As you can see, the power draws are really, really low, and should yield a pretty reasonable runtime: high should run for 20 hours and red for 32 hours. The headlamp is clearly not the brightest thing around but since it is so small and light I find it hard to not stash in my EDC bag or in my pack. Durability still seems good.


----------



## tam17 (Sep 7, 2011)

I wonder what does "water resistant" mean in Mammut terms, since I couldn't find any IPX rating. Perhaps the circuit board is protected with lacquer, as in some Petzl lights (e.g. Tikka XP gen1), and it's actually splashproof? I don't know if it is gasket-sealed.

Otherwise it's a nice little light well worth its price. Seems like I'll have to wait for the next batch to be shipped to my local distributor.

Cheers,

Tam


----------



## Bster13 (Dec 12, 2011)

*Update on Mammut Performance?*

Hello Carrot,

I am seriously considering this light for winter backpacking in the Adirondacks. It's be cold, so Lithiums will be the battery of the day, but wondering how well this light performed while hiking or walking at night in very day areas? (they say you need less lumens when it's pitch black out as your eyes adjust *shrugs*)

I wanted the weight of a Zebrealight H501, but could not find a definitive answer on the 80 degree flood for hiking (I think I'd like beam pattern of H51 with spot and flood, but I didn't like the added weight of H51 and didn't want CR123a batts).

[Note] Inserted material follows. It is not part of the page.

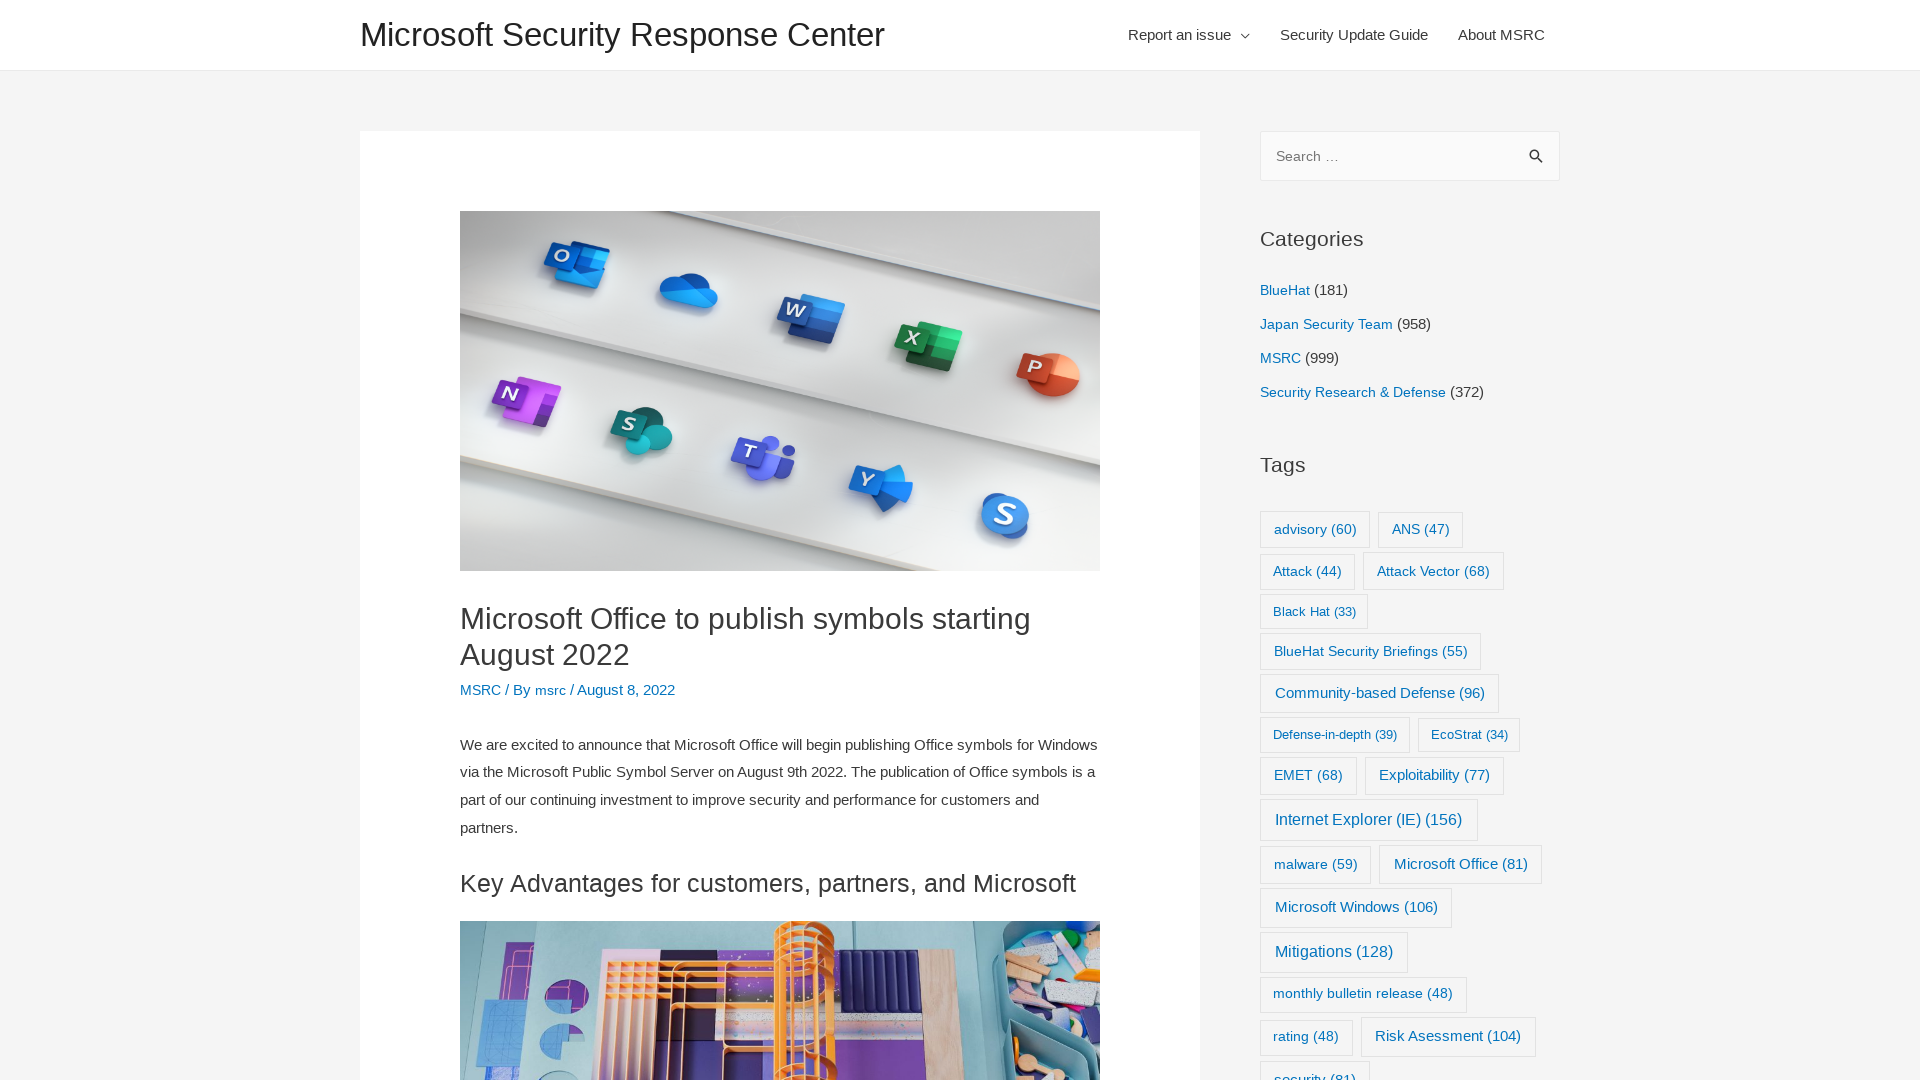 Microsoft Office to publish symbols starting August 2022 – Microsoft Security Response Center

I'm not as worried about the headlamp being unregulated, so long as I keep a lithium in there:
http://www.flashlightreviews.com/features/runtime_explained.htm

So how does it do while hiking at night? Thanks!


----------



## carrot (Dec 16, 2011)

*Re: Update on Mammut Performance?*



Bster13 said:


> Hello Carrot,
> 
> I am seriously considering this light for winter backpacking in the Adirondacks. It's be cold, so Lithiums will be the battery of the day, but wondering how well this light performed while hiking or walking at night in very day areas? (they say you need less lumens when it's pitch black out as your eyes adjust *shrugs*)
> 
> ...



I found it to have enough output to follow a well-marked trail but too little output to navigate on poorly-marked or overgrown trails. I don't know what it is like to hike in the Adirondacks.

Personally, I am not comfortable using it as my only light source because I feel that it is just a smidgen too low output. But you're asking amongst flashlight enthusiasts. If you are used to using something like a Photon Light it will be a massive improvement. 

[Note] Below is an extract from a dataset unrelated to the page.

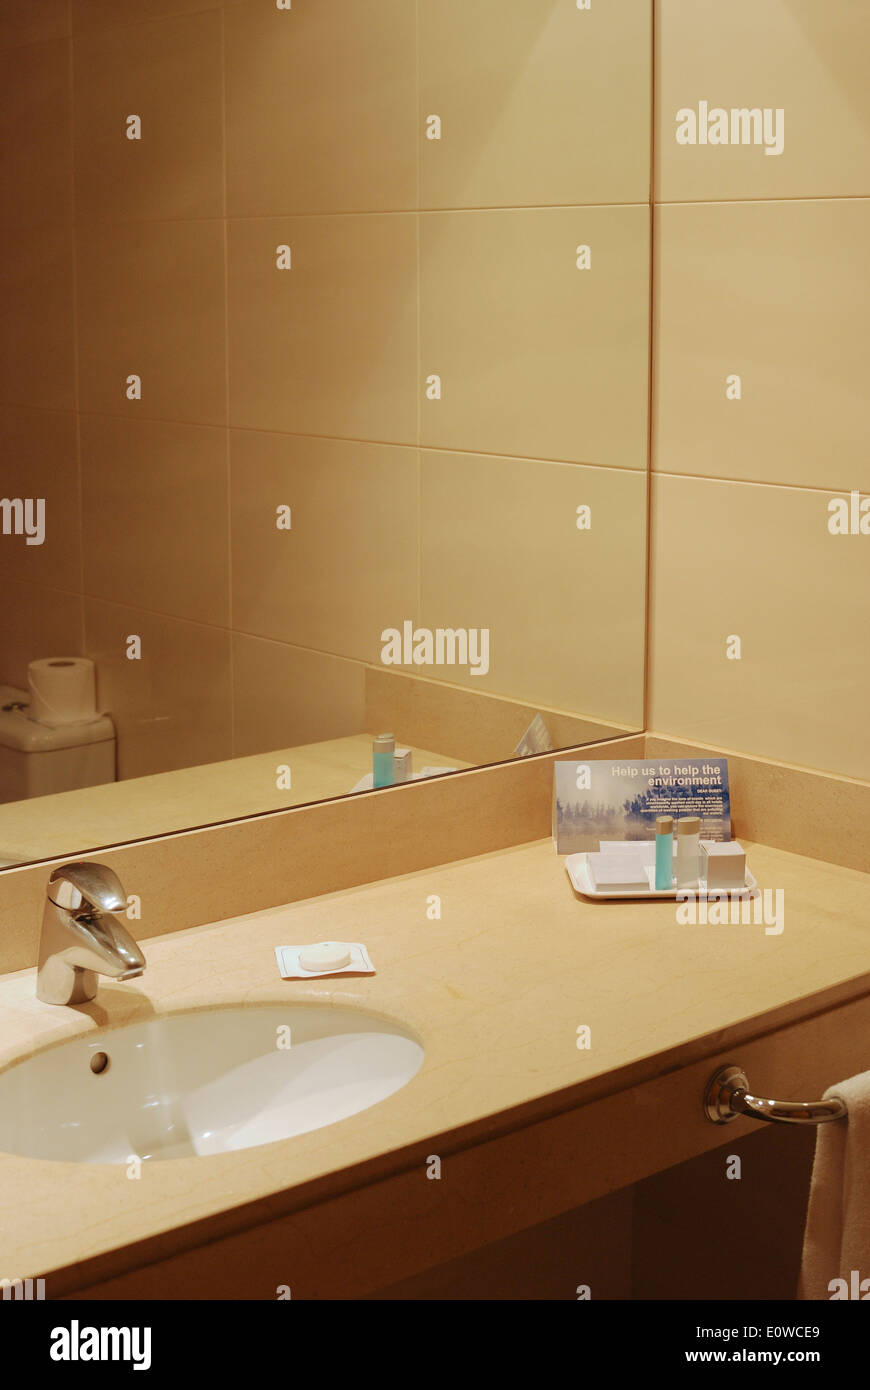 Modern hotel bathroom showing sink and mirror with environmental message about towel washing Stock Photo

But again, often I plan even my day trips to run into the night because I find night hiking to be very enjoyable, and in situations where you are cold, tired and hungry and can't wait to get back to the car the higher output of something else is a real comfort.


----------



## Bster13 (Dec 16, 2011)

*Re: Update on Mammut Performance?*

Thanks very much Carrot. ADKs are much like the Catskills. Well marked trail it will be. I ordered this light the other day, now I need to find the best deal on Lithium AAs.


----------



## Bster13 (Dec 17, 2011)

*Which Lithiums should I choose?*

Based of Carrot's readings:

off: .06mA 
low: 76.5mA
high: 93.5mA
red: 69.3mA

And this chart:
http://www.candlepowerforums.com/vb/showthread.php?278063-AA-Ragone-Plot

1.5v * 0.0935A = 0.14025W

Looks like the Energizer AA Advanced Lithium batteries, would run just as long as the Energizer AA Ultimate Lithium batteries when hiking the trails on High, no?

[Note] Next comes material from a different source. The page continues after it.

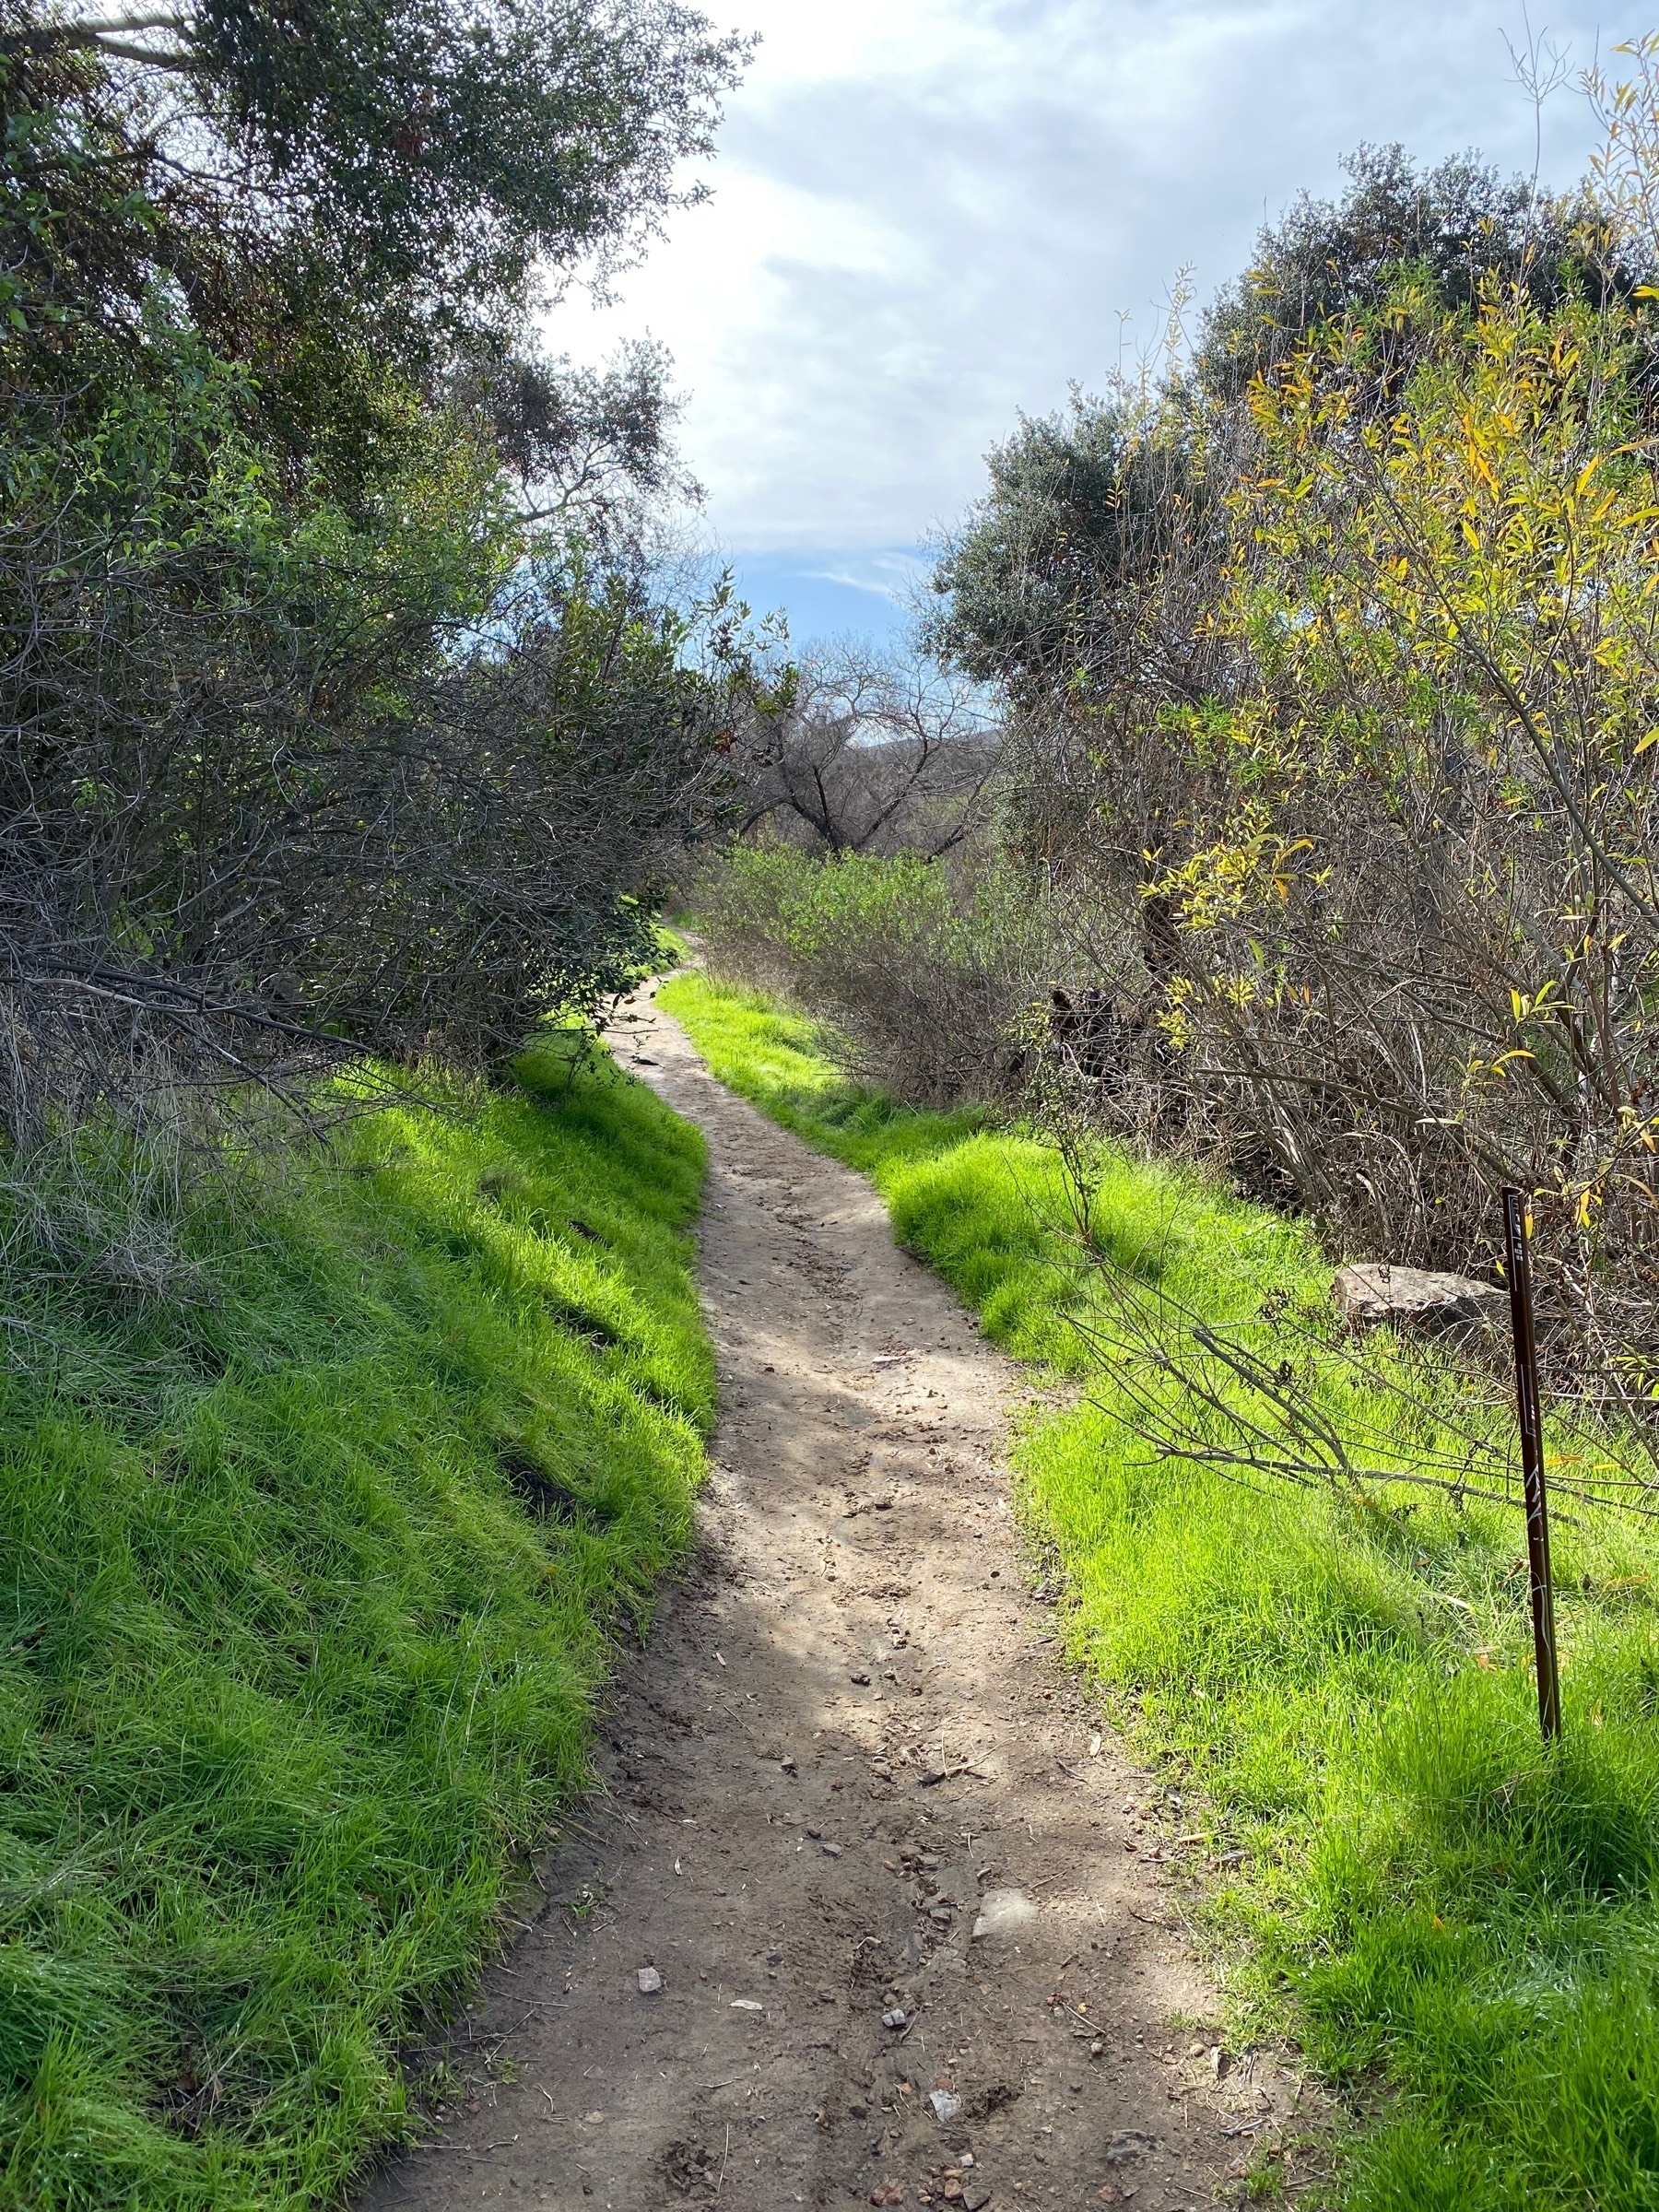 View of a sunlit dirt path with green grass and low trees on either side.

...basically the highest draw of this headlamp hardly registers on the Ragone plot, and thus I'd be wasting money to go with the more powerful Energizer AA Ultimate Lithium batteries when considering run time. Can someone check me on this (this is not my strong suit)? Anything I should consider about these two batteries in terms of run time when it gets cold? 

For reference:
http://data.energizer.com/PDFs/l91.pdf
http://data.energizer.com/PDFs/l92.pdf

Thanks for all the help, I appreciate it.http://data.energizer.com/PDFs/l92.pdf


----------



## Bster13 (Dec 17, 2011)

*Which Lithiums should I choose?*

Based of Carrot's readings:

off: .06mA 
low: 76.5mA
high: 93.5mA
red: 69.3mA

And this chart:
http://www.candlepowerforums.com/vb/showthread.php?278063-AA-Ragone-Plot

1.5v * 0.0935A = 0.14025W

Looks like the Energizer AA Advanced Lithium batteries, would run just as long as the Energizer AA Ultimate Lithium batteries when hiking the trails on High, no?


...basically the highest draw of this headlamp hardly registers on the Ragone plot, and thus I'd be wasting money to go with the more powerful Energizer AA Ultimate Lithium batteries when considering run time. Can someone check me on this (this is not my strong suit)? Anything I should consider about these two batteries in terms of run time when it gets cold? 

For reference:
http://data.energizer.com/PDFs/l91.pdf
http://data.energizer.com/PDFs/l92.pdf

Thanks for all the help, I appreciate it.http://data.energizer.com/PDFs/l92.pdf


----------